The Lehman Trilogy at the Guthrie

I remember exactly where I was when I heard about the failure of Lehman Brothers.  That moment, like the attacks on 9/11 and the day the coronavirus shut down the world in March 2020, indelibly shaped the way my generation (at the inflection point between Gen-X and Millennials) sees the world. But unlike those disasters–one terroristic, the other biological–the Great Recession was self-inflicted; the inevitable result of unchecked greed, cynicism, and exploitation that enriched an elite few at the expense of everyone else until it could no longer sustain itself.  Most of us still know nothing about what Lehman Brothers actually did, other than that they were a Wall Street investment bank that got in over its head with mortgage-backed securities and credit default swaps–financial products that remain bafflingly opaque 16 years later–or why its failure nearly broke the global economy.  The Lehman Trilogy brings us back to the moment it all started, highlighting the inextricable bond between the immigrant experience and American capitalism along the way.

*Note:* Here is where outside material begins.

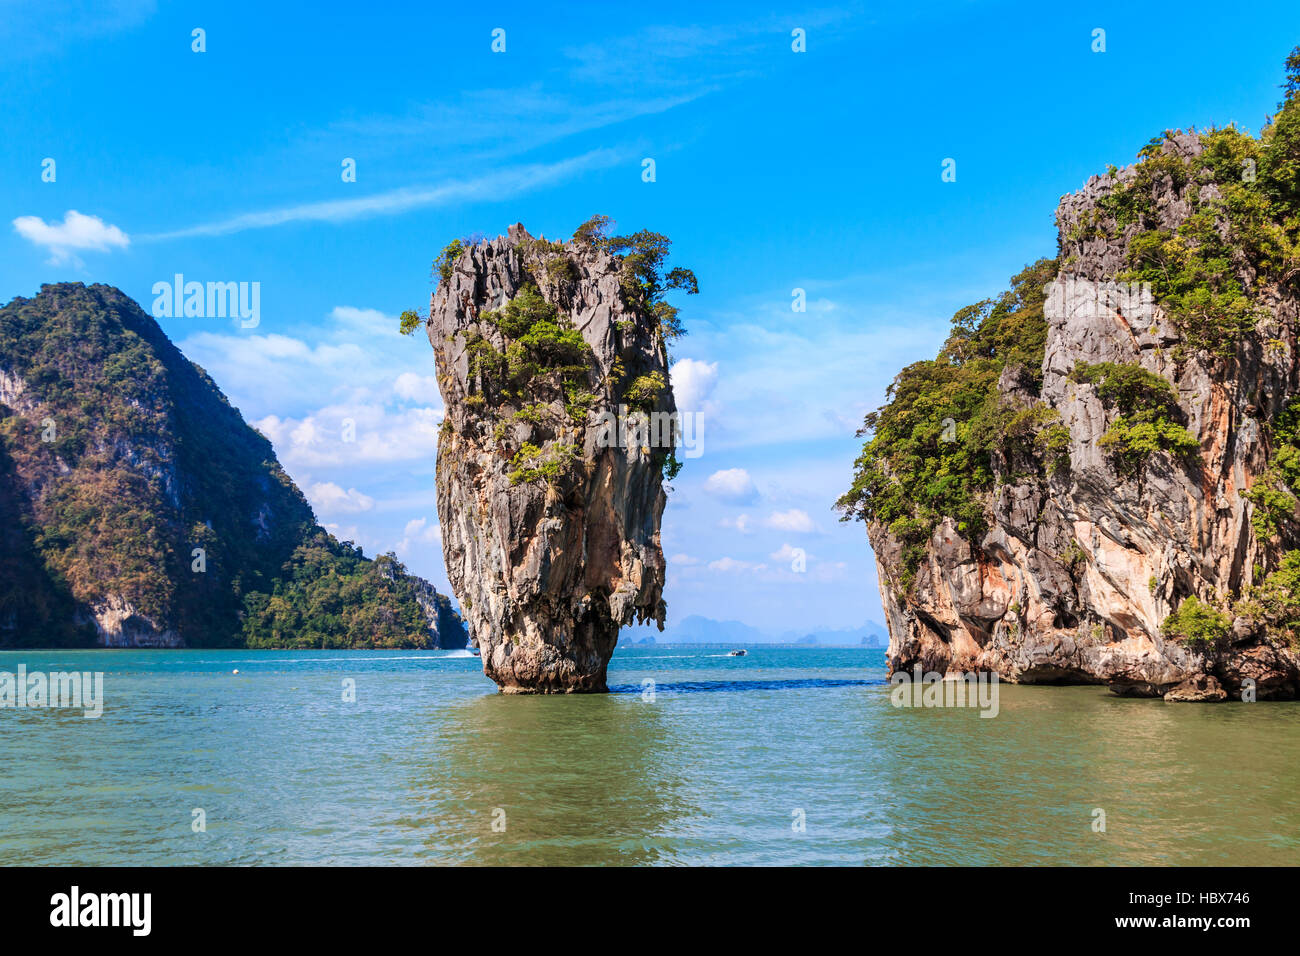 Thailandia, Krabi. James Bond Island nella Baia di Phang Nga. Foto Stock

Kicking off the Guthrie Theater’s 2024-2025 season, The Lehman Trilogy is a breathtaking theatrical experience–a story in three parts, by three actors, in three spellbinding hours.  Following the lives of three Jewish brothers from Bavaria, The Lehman Trilogy explores the cycle of ingenuity and determination that turned a small fabric store in Montgomery, Alabama into a global financial powerhouse behind nearly every major modern industry, from cotton to oil, tobacco to movies, railroads to shipping, war machines to computers.  But as with many immigrant stories, the further away in time and distance from the sacrifices of the first generation, the more likely future generations are to take their life for granted, until contempt and complacency return them to the humble origins their forebears worked so hard to escape.  

Mark Twain observed that “History doesn’t repeat itself, but it often rhymes.”  The Lehman Trilogy is poetry on full display.  Three actors play more than sixty roles over the course of 164 years, stripping down to the core elements of character and motivation that are highlighted by simple changes in style, accent, posture, and manner.  Themes and motifs repeat and return, building and contrasting past, present and future. The set of The Lehman Trilogy plays an equally important part in this poetry, framing every moment in a physical embodiment of the company’s eventual collapse.  Like a Greek or Elizabethan tragedy, the audience watches with a sense of inevitability; knowing the certainty of the outcome but hoping the characters somehow will escape their destiny. The Lehman Trilogy prompts the audience to look for the inflection points in their own time and choose accordingly.